Hay muchas injusticias a lo largo y ancho del planeta Arte. Una de ellas es el cráter Jacques Louis David. La fortuna crítica de los pintores, a lo largo de la historia, es cruel, muy cruel. La fortuna crítica del viejo jacobino David ha sido desastrosa, terrible, cruel hasta límites insospechados. ¿Por qué? El suave murmullo de la novedad, la saliva pringosa del capricho o el asqueroso hálito del márketing han tenido parte de culpa; si debemos personificar estos tres agentes no necesitaremos usar ni siquiera el 10% de nuestra masa gris; sí, habéis acertado: fueron los críticos.

Los críticos -a los que uno imagina con cabellos largos, bigote y perilla y muchas, muchas, muchas canas- pasaron de considerarle el moisés del arte contemporáneo a dejarle en un segundo término, por detrás, por ejemplo, de un producto artificioso del márketing siglo XX como Goya, que se convirtió en padre del "todismo" -o sea, de todas las escuelas posteriores de pintura, indiscriminadamente-. Yo no quiero ser tan injusto con Goya como lo fueron los críticos con David: Goya fue maestro de un Manet que se dejó caer por España en rollo turisteo, como quien se acercaba a alguna esquina del tercer mundo, y, quizá, por ende, de los impresionistas; sin embargo, esa fiebre por considerar a Goya padre del fauvismo, del expresionismo, del surrealismo... me parece exagerada -sobre todo, teniendo en cuenta un mínimo detalle: ¿cómo pudieron KiRSCHNER, O Franz Marc, POR EJEMPLO, acceder a las obras de Goya si, en aquellos neblinosos primerísimos años del XX aún no se habían comercializado catálogos de Goya en Alemania, ni se habían reproducido copias de sus obras en latitudes teutonas?... silencio; lo suponía. Sin embargo, sí que los realistas, simbolistas impresionistas, fauvistas, cubistas -¡¡¡sobre todo!!!-, futuristas, expresionistas, surrealistas, suprematistas rusos o neofuturistas rusos y mis amadísimos neoplasticistas, tuvieron acceso de primera mano a las pinturas del viejecillo David.
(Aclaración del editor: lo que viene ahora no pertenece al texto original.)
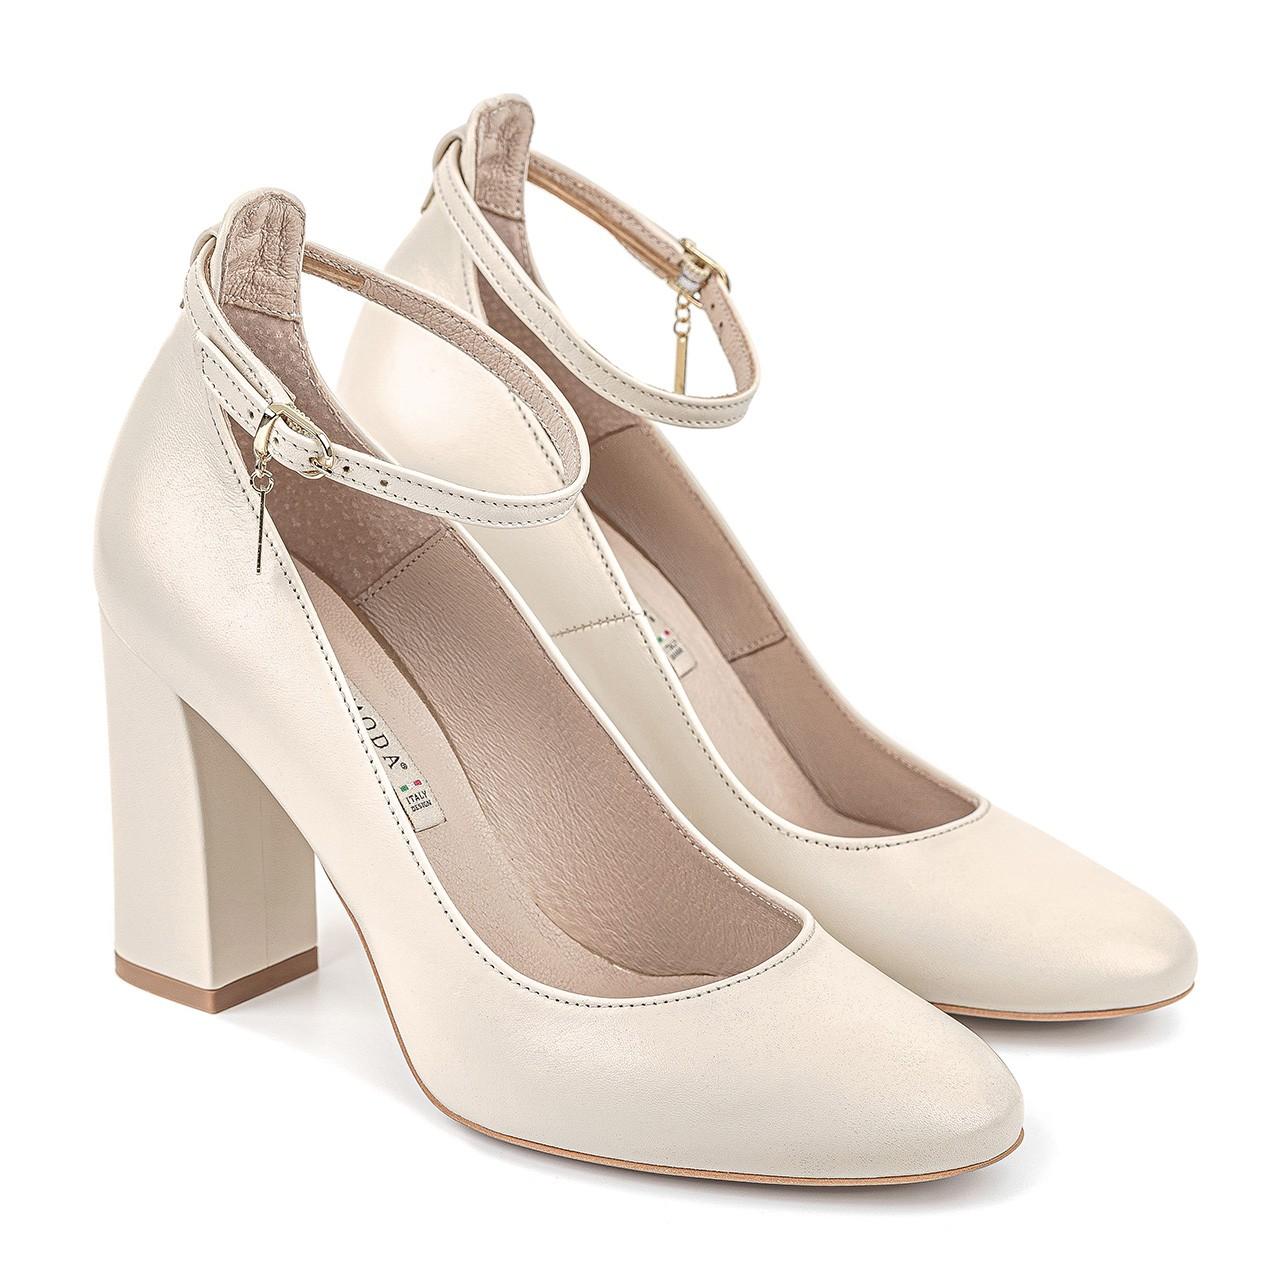 Kremowe skórzane buty na słupkowym obcasie zapinane przy kostce

Muchos consideran sus cuadros como sermones. Y tienen razón. Pero, como suelo decir a menudo: hay sermones y "sermones". Los sermones de David, románticos, sublimes -en su sentido burke- eran deliciosos, tanto en forma como en contenido: nunca está de más emplazar a un tirano que despilfarra la pasta nacional a reflexionar mediante una pintura de inspiración clásica. Para ello, David, harto de esas formidables maquinaciones novelescas de lagrimilla fácil de Gréuze, se fija en el clasicismo, en la flexibilidad del lenguaje clásico, que se adapta a cada tiempo, a cada situación;  una pequeña nota: la gente suele pensar en lo clásico como un templo griego dórico, o en los foros romanos; tienen razón, eso es clasicismo; sin embargo, el lenguaje clásico tiene otras connotaciones: lo clásico es lo que está conformado a base de claridad y pureza de líneas, o, también, en otro ámbito, lo que permanece, lo que se convierte en imperecedero, lo que no pasa de moda. 

"Patroclo Herido".
"El juramento de los Horacios", 1785.
Cuando pintó aquel "Patroclo", un estudio magnífico de desnudo masculino, con objeto de ganar el premio de la Escuela de Bellas Artes de Roma, aún se podían ver pequeñas esquirlas Rubensianas, ciertos aires de Rembrandt, de Watteau, de Chardin. Sin embargo, poco tiempo después, en 1785, crea una obra extraordinaria, deliciosa, no sólo por su contenido, sino también por lo que tenía de ruptura con lo anterior, con la pintura del XVIII francés: "El juramento de los Horacios". Además de la temática (los horacios juran ante su padre acudir a luchar por Roma, aún sabiendo que morirán: una clara alusión a la coyuntura política francesa de la época prerrevolucionaria, y un emplazamiento a Luis XVI a sacrificarse por Francia -sin ser necesaria la muerte, claro- y dejar de derrochar el erario público), es la forma, es el uso del diseño perfecto, a lo Flaxman, o sea, puro, nítido, elevando a cotas insuperables el desarrollo del dibujo, lo que hacen de este paso, un importantísimo momento del arte: el momento en el que un artista genera un túnel y vislumbra lo que llegará 115 años después; David toma su catalejo y ve al fondo del camino a Picasso, a Mondrian y a toda la caterva de -como diría Kahnweiler- "modernos". Además, pondera la naturaleza ética del hombre frente a la política de la mujer -por favor, nada de segregación de géneros-; me explico: estos muchachos eligen morir, el sacrificio, como Héctor cuando sale acojonado de los muros de Ilión para enfrentarse al eakida Aquiles; sin embargo, miremos a la derecha, al grupo de mujeres; ¿a quién de nosotros se le escapa que si ellas pudieran elegir, negociarían, evitarían el combate, el sacrificio, harían política -y, por favor, no interpretéis el término "política" en el funesto sentido actual, sino en su esplendorosa significación clásica- como lo hubiera hecho Andrómaca, la mujer de Héctor Priamida? 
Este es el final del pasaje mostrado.